The secretary rang me to invite me for an interview. She said it would be a 30 min informal chat with the head of department. I will also have the chance to ask questions.

On google I found that they might ask
- why I chose this course/ University
- my career aims/ ambition
- what my proposed research project is

What was your interview like? What did they ask you? And what are good questions to ask them?
Thanks


----------



## Lisa (Jul 8, 2006)

*re: interview for a masters next week.. share your experienc*

No-one?


----------



## GraceLikeRain (Nov 9, 2003)

I will be visiting some graduate schools this summer and I am hoping to avoid interviews, lol. I would rather address those questions in a personal statement. 

If there is a specific reason as to why you really would like to attend this particular graduate school, let them know. Look up information about their program and explain why you would fit in, etc. If you have done undergrad research, bring that up, especially if you want to continue researching that topic in grad school.

That's all that I can think of because I have not visited any grad schools yet :stu

What type of grad program is it?


----------



## rudybug (Apr 30, 2007)

*re: interview for a masters next week.. share your experienc*

I would just make sure you seem dedicated to the particular program.
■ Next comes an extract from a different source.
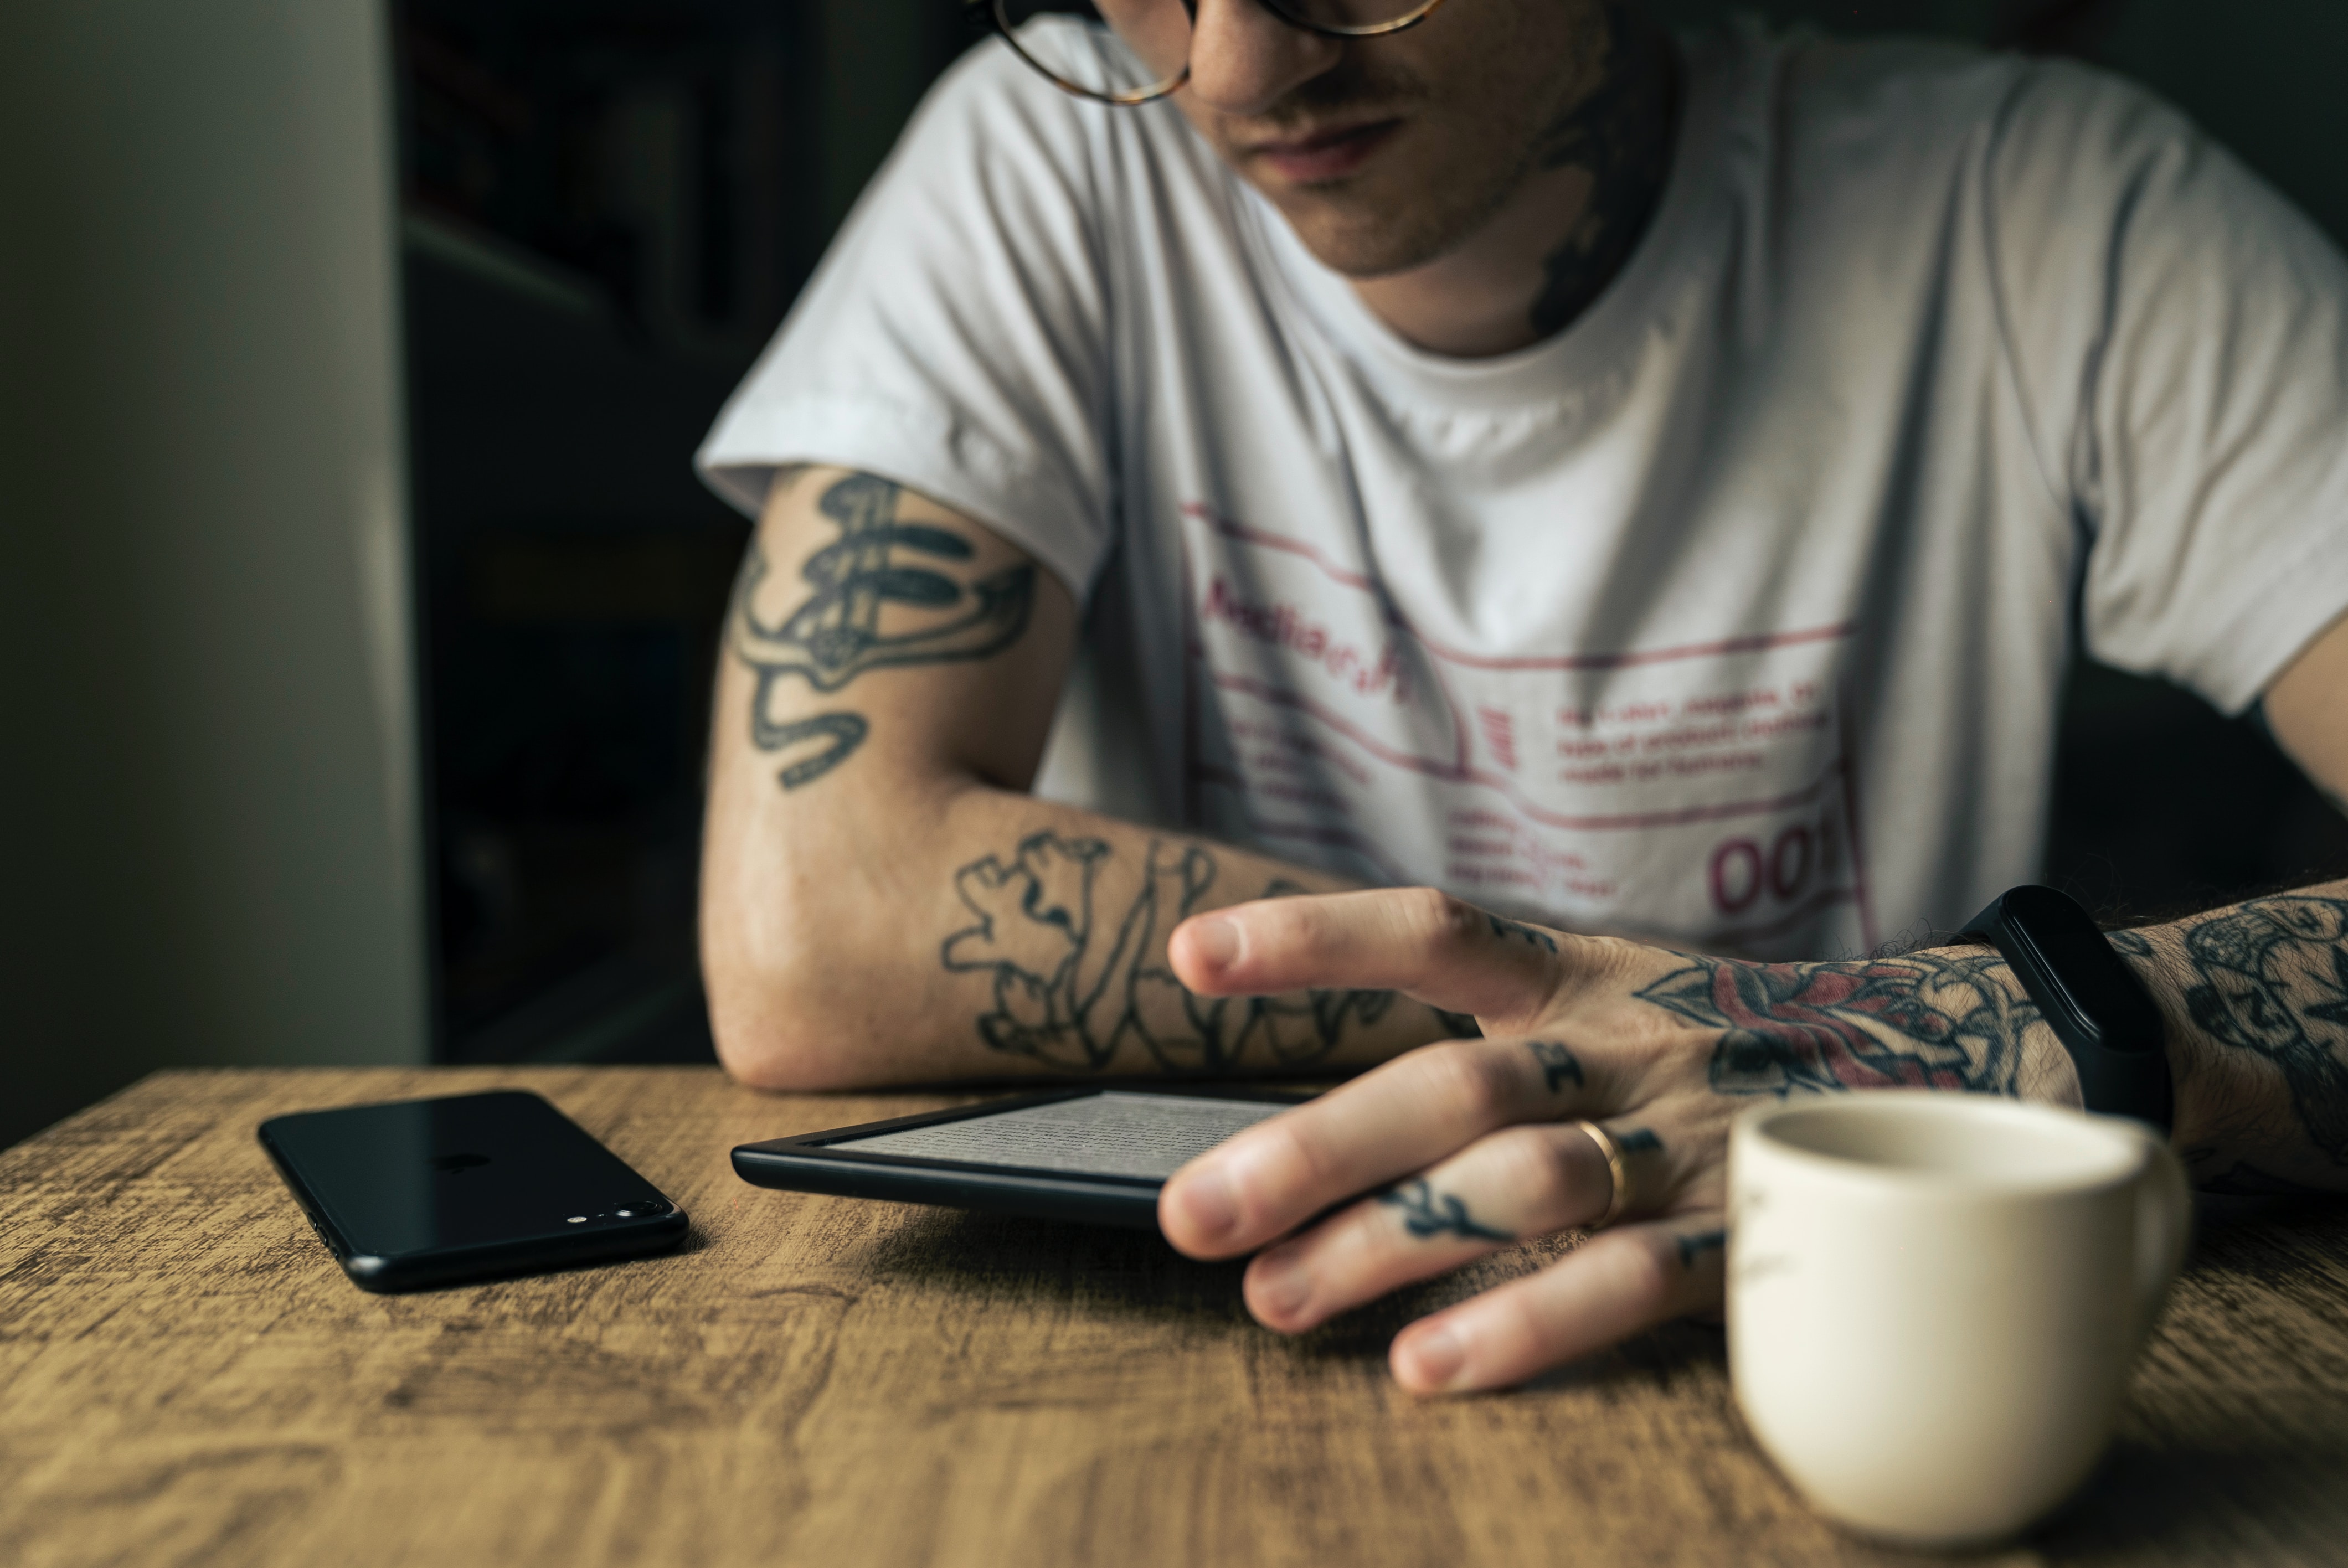 Background is of a white male with glasses and a white shirt, reading on his kindle with a cup of coffee on his left, and his phone on his right. He is sitting at a wooden table, and he has tattoos up both arms and hands.

I know grad schools don't want anyone who is not 100% sure about what they want to do. It will probably be easier than you think. Good luck!


----------



## Lisa (Jul 8, 2006)

*re: interview for a masters next week.. share your experienc*

...


----------



## GraceLikeRain (Nov 9, 2003)

Well....is there another school with the same grad program in your area that you can look into? Normally when someone is visiting a school and considering a program, they are not treated that way. However, I know that the head of my major at my school was not all that nice to me when I first came here, and also told someone else that she would not fit in because of her age. She was very intimidating at first, but then changed as she got to know us. But it sounds like this guy acts like that on a regular basis. 
I would say meet with the other professors and see what they are like before you decide. Also talk to some students if you can.


----------



## Lisa (Jul 8, 2006)

*re: interview for a masters next week.. share your experienc*

...


----------



## Lisa (Jul 8, 2006)

*re: interview for a masters next week.. share your experienc*

GraceLikeRain,

what did you mean about this woman thinking that you wouldn't fit in because of your age? Are you younger or older than other students? I am 32 so I haven't exactly had the average course of career myself.
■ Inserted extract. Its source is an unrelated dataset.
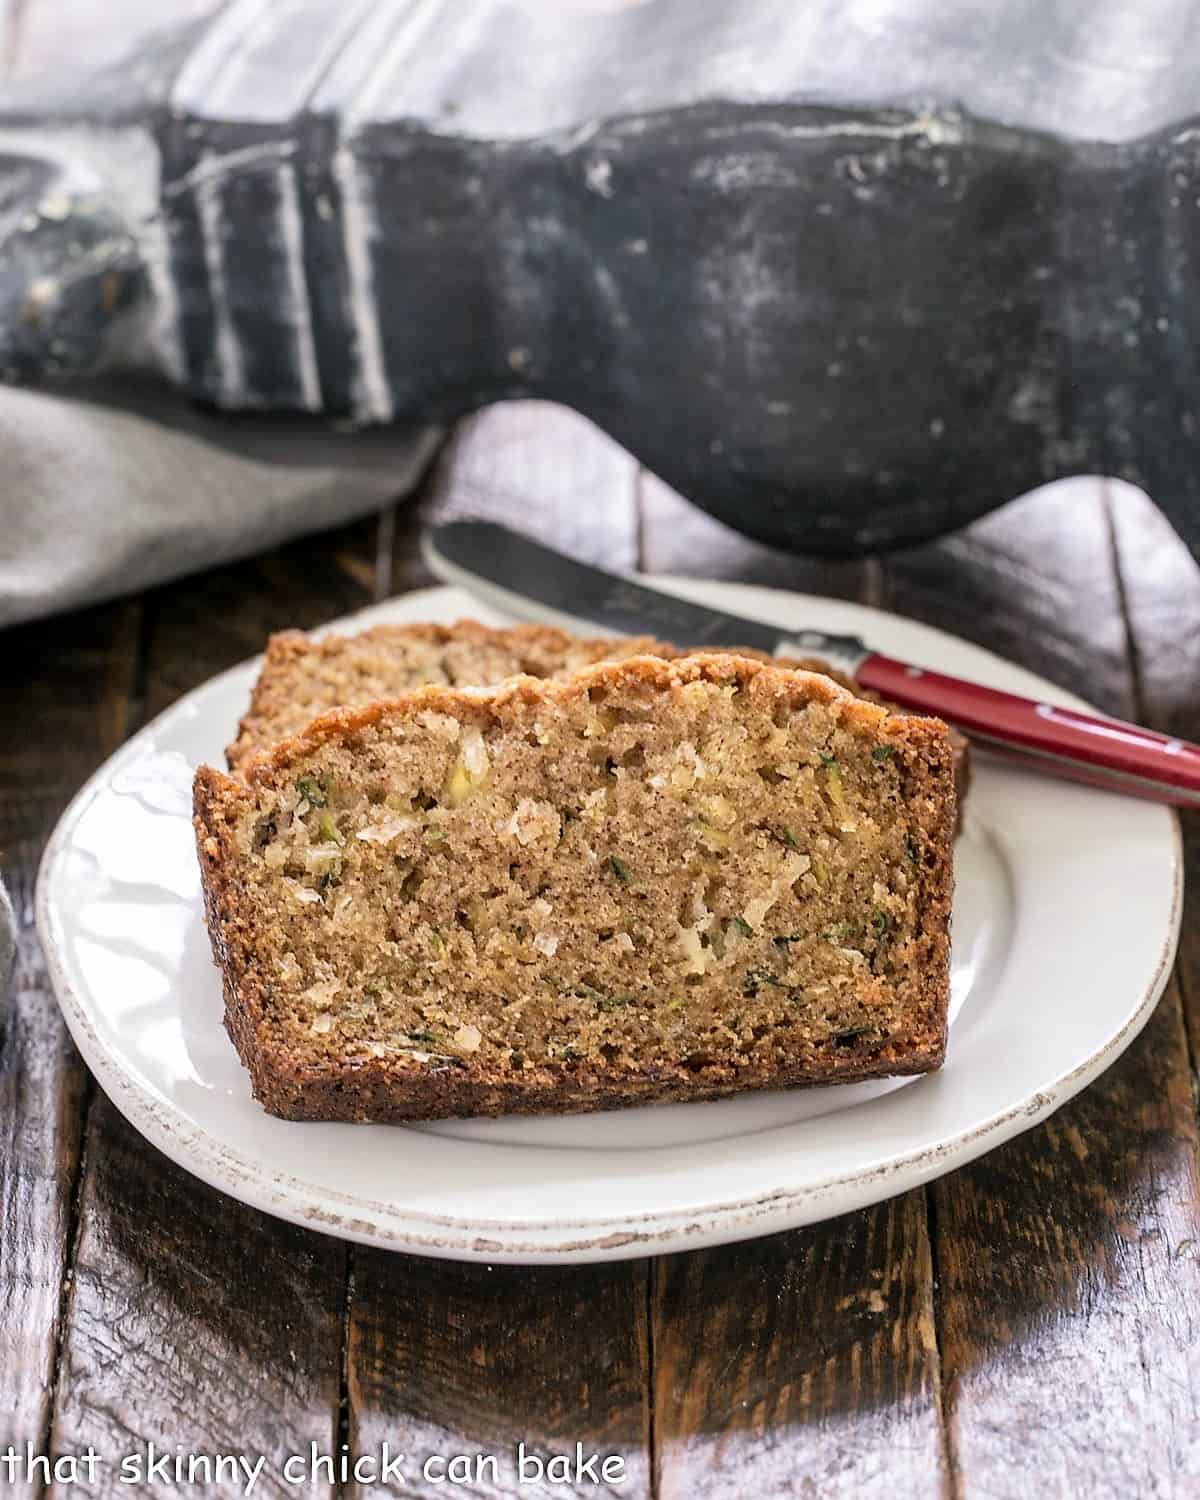 Slices of zucchini bread recipe on a white plate with a red handled knife.

As to what this degree is in... I am a little worried about giving so much info away so very publicly. Maybe you want to pm?

... would also like to hear about what you do.

Lisa


----------



## jane (Jan 30, 2006)

congratulations.


----------



## Lisa (Jul 8, 2006)

*re: interview for a masters next week.. share your experienc*

 thanks


----------



## onlylordknows (Apr 27, 2004)

just out of curiousity, which university is this? and what program did you get accepted to?


----------



## Prodigal Son (Dec 11, 2005)

I had something similar, chatted for about 15-20 minutes. It was relatively easy, I made it easy for myself by asking most of the questions about the graduate program. I think it was done more for my sake than my graduate advisor.


----------